One of the films showing at the London Film Festival later this month is The Quiet American, starring Michael Caine and Brendan Fraser, directed by Philip Noyce, and based on Graham Greene’s novel. (It isn’t the first time the book’s been adapted for the screen: Mankiewicz made a version in 1958 which Greene, who anyway tended to have a very low opinion of films based on his novels, couldn’t stand – he was particularly enraged by its anti-Communist distortions.) The narrator of Greene’s book – for those who’ve forgotten – is Thomas Fowler, a cynical, world-weary, middle-aged, opium-smoking English journalist in Saigon. (Caine has said: ‘I met Greene a couple of times and I’m kind of basing myself on him.’) The quiet American is Alden Pyle, a naive young Bostonian recently arrived in Indochina, ‘impregnably armoured by his good intentions and his ignorance’, who works for the US Economic Mission. He’s a follower of one York Harding, the author of books of political theory called things like The Advance of Red China, The Challenge to Democracy and The Role of the West, who believes that all Vietnam needs is a Third Force – the first two being colonials and Communists – to set it on its proper path. Fowler and Pyle don’t argue only about politics: they’re both in love with the same girl, Phuong. Nonetheless, they like each other.

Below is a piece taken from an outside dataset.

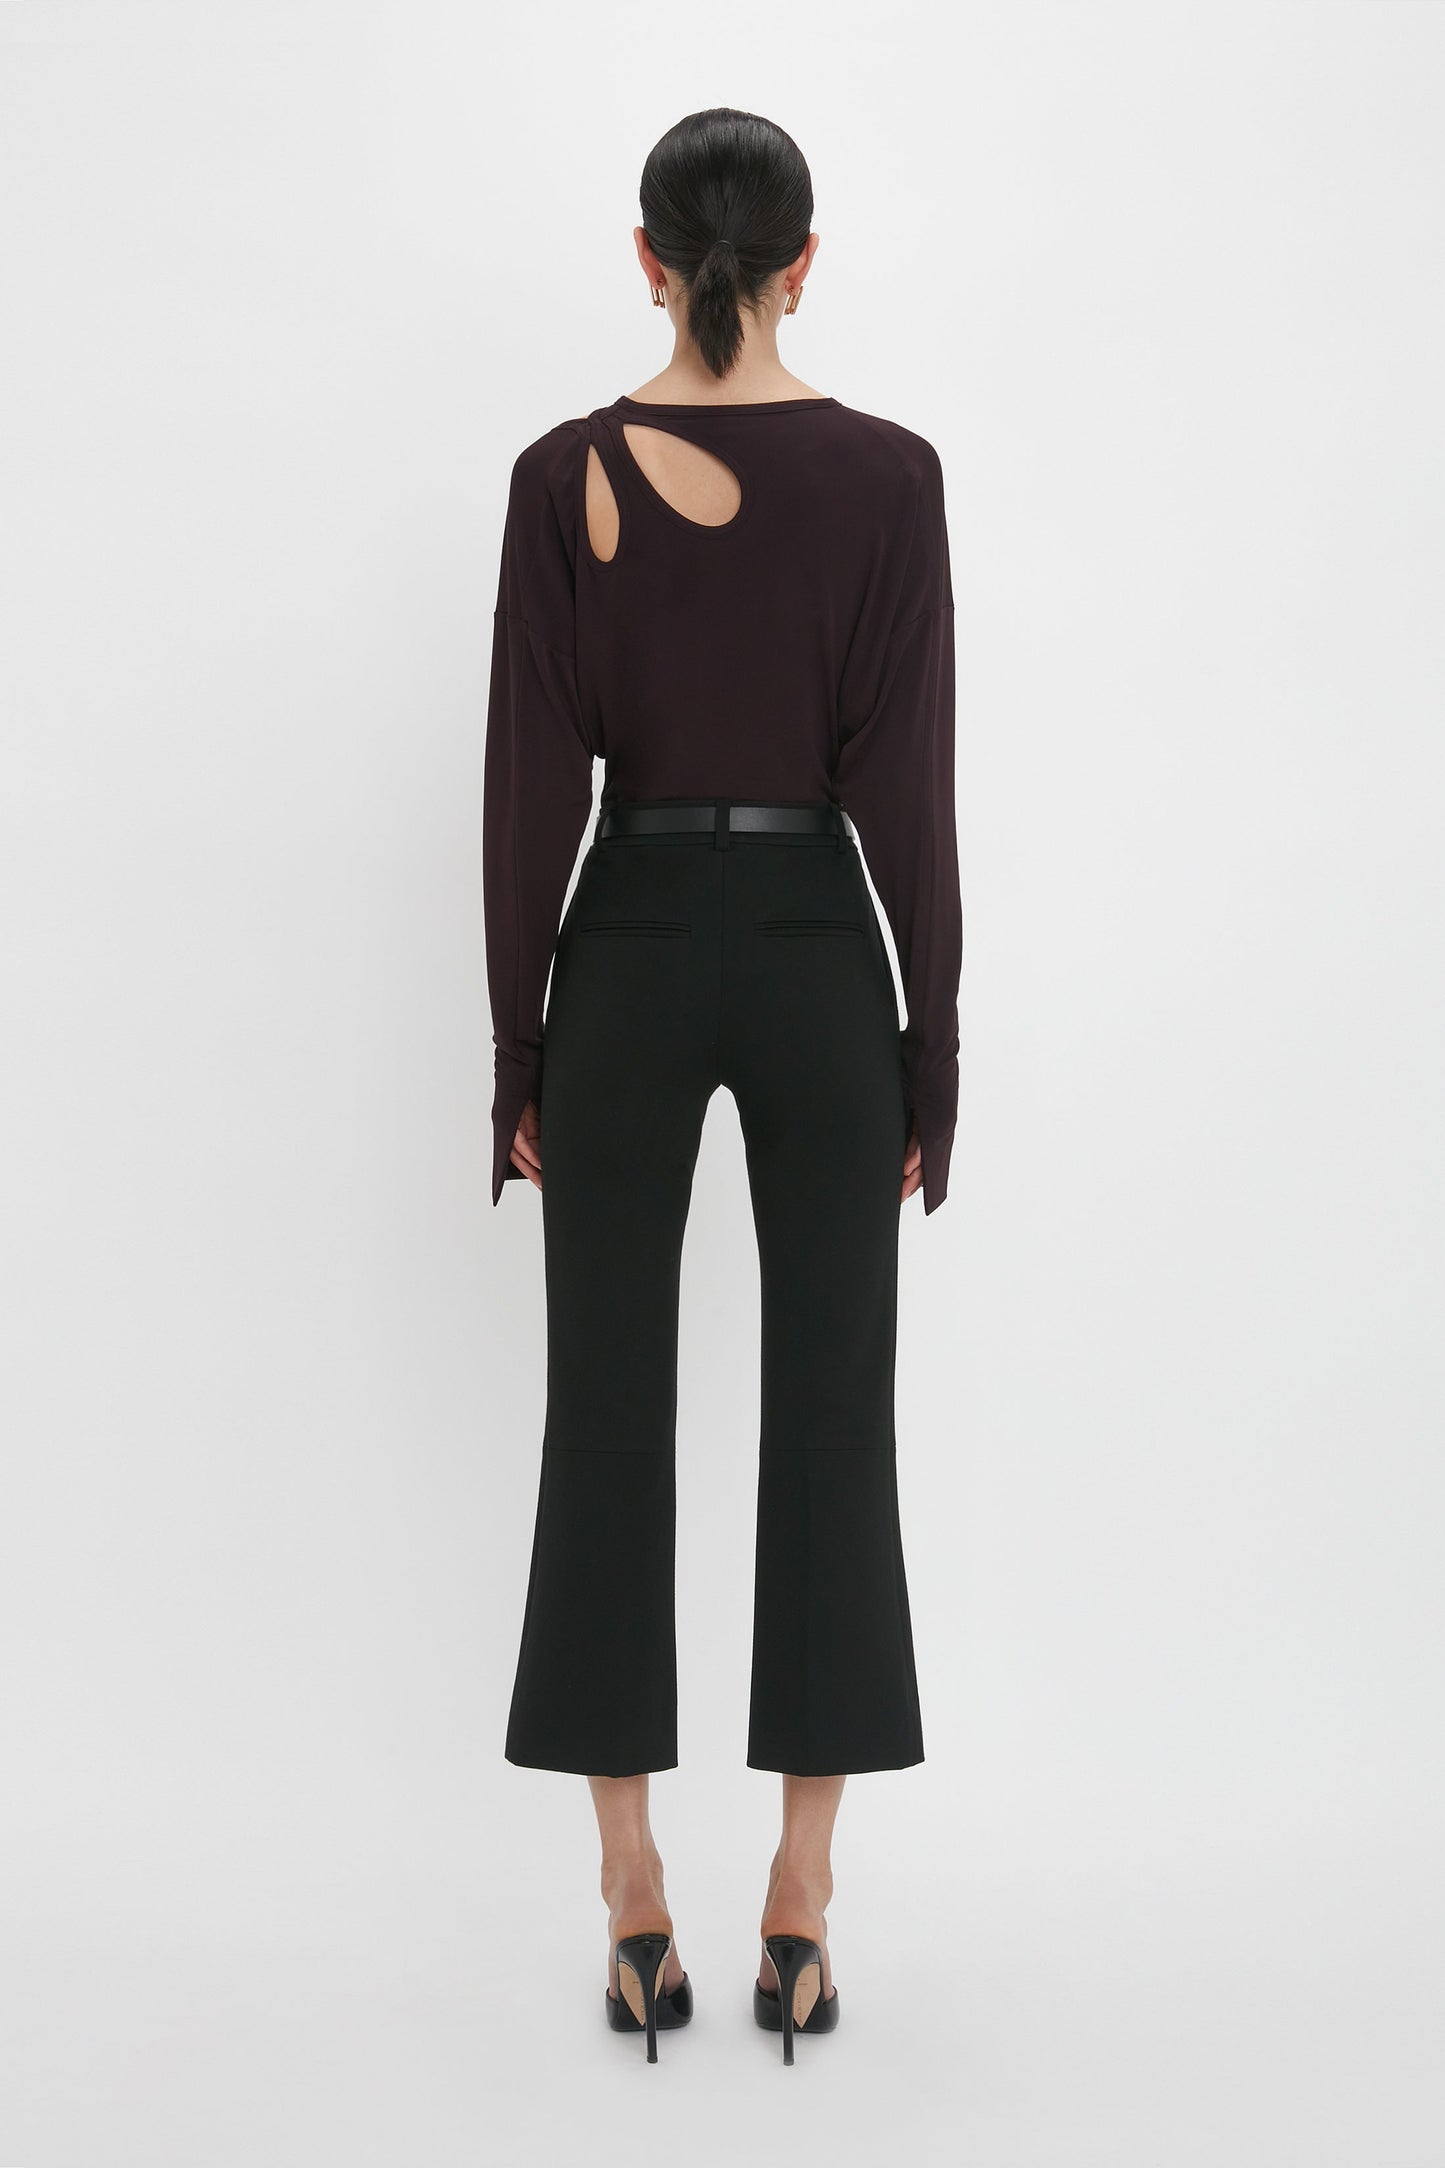 A person stands facing away, embracing a minimalist aesthetic in a long-sleeve black top with a cutout detail on the shoulder, Cropped Kick Trouser In Black by Victoria Beckham, and black high heels against a plain white background.

Murray Sayle has called The Quiet American, which was published in 1955, ‘still the best book about America in Vietnam, and its miscalculations’. Noyce – an Australian, whose Hollywood movies include the Tom Clancy adaptations Patriot Games and Clear and Present Danger – wanted to make the film because, he says, rereading the novel a few years ago after meeting US Military Intelligence officers who’d been in Vietnam in 1945, he thought: ‘Wow, this answers the questions that these seventy and eighty-year-old men have been perplexed by all these years – Why? Why did this war happen?’ The movie’s closing sequence, congratulating Greene on his foresight, is a montage of Fowler’s newspaper reports chronicling the escalation of US involvement in Vietnam over the next two decades.

But the novel isn’t only about American foreign policy: it’s also concerned with ends and means and motives and varieties of guilt, and with European (or rather, English and to some extent French) perceptions of the United States. And it is in this respect that the film differs most interestingly from the book. Various changes have inevitably been made, the most significant of which is the necessary absence of a first-person narrative – perhaps the greatest loss in this translation of an exceptionally good novel into an unexceptionally good movie. (It’s the other way round with The Third Man: Greene’s attempt to tell the story from the perspective of Major Calloway, the character played in the film by Trevor Howard, is a major flaw in the written version.) Fowler provides a voiceover, and there’s the occasional point-of-view shot, but these effects are largely cosmetic: for most of the film, we’re looking at Michael Caine. And because the story is told on screen, rather than through Fowler’s voice, Fowler has to be an altogether more attractive character than he is in the book to win our sympathy; and Pyle, reciprocally, has to be more of a villain, less innocent – as, of course, he has to be anyway. If Fowler met Pyle today, fifty years on, he might have less faith in the basic goodness of his intentions.

There is an interesting comparison to be made with Lolita, which was published in the same year as The Quiet American. Nabokov was delightfully scathing of ‘an otherwise intelligent reader who . . . described Lolita as “Old Europe debauching young America”’. The notion, once he’s put you in mind of it, is nonetheless hard to shake off: Fowler’s Pyle and Humbert’s Lolita, America through the eyes of a condescending and infatuated Europe. To say that Pyle has grown up into George W. Bush would be a little too neat, and one of the lessons of The Quiet American is that anything that looks straightforward should be distrusted: this applies both to supplying renegade ‘Third Forces’ with powerful weapons and to reducing entire nations to graspable stereotypes. The last time they see each other, Pyle says to Fowler: ‘You talk like a European, Thomas. These people aren’t complicated.’ Fowler replies: ‘Is that what you’ve learned in a few months? You’ll be calling them childlike next.’ Pyle says: ‘Well – in a way.’ And Fowler tells him: ‘Find me an uncomplicated child, Pyle. When we are young we are a jungle of complications. We simplify as we get older.’